Ten Minute TensorFlow Speech Recognition

March 24, 2017

Like a lot of people, we’ve been pretty interested in TensorFlow, the Google neural network software. If you want to experiment with using it for speech recognition, you’ll want to check out [Silicon Valley Data Science’s] GitHub repository which promises you a fast setup for a speech recognition demo. It even covers which items you need to install if you are using a CUDA GPU to accelerate processing or if you aren’t.

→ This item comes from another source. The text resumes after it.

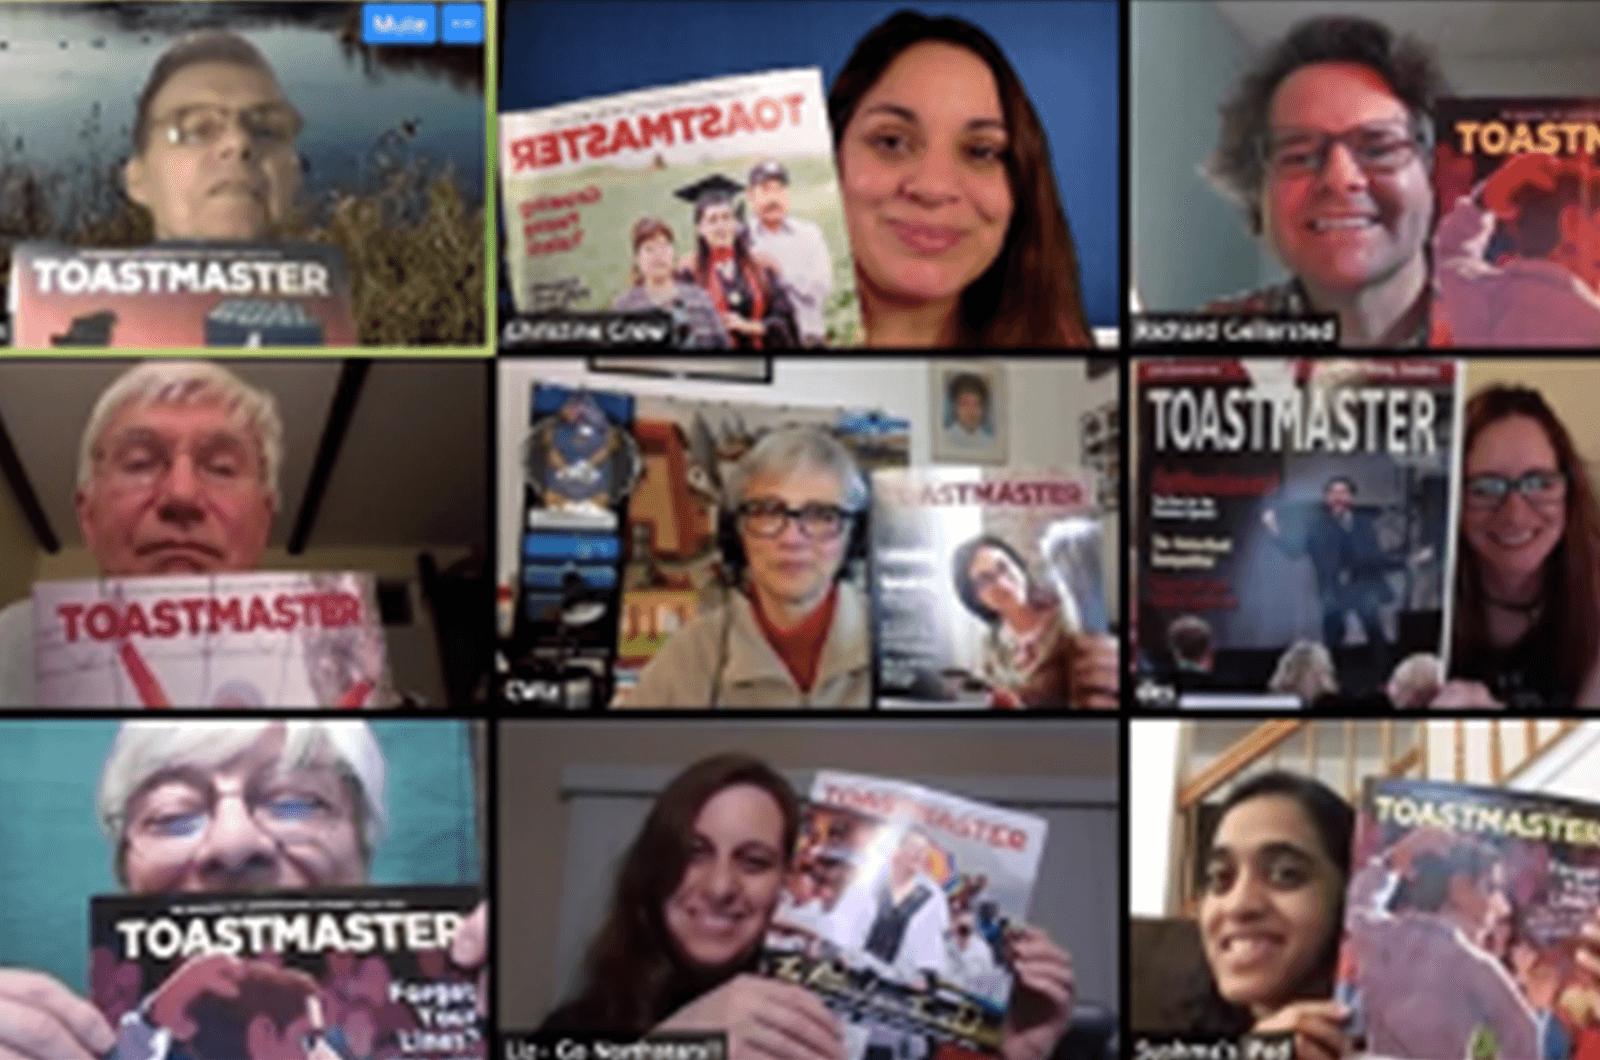 People on Zoom meeting holding up Toastmaster magazines

Another interesting thing is the use of TensorBoard to visualize the resulting neural network. This tool offers up a page in your browser that lets you visualize what’s really going on inside the neural network. There’s also speech data in the repository, so it is practically a one-stop shop for getting started. If you haven’t seen TensorBoard in action, you might enjoy the video from Google, below.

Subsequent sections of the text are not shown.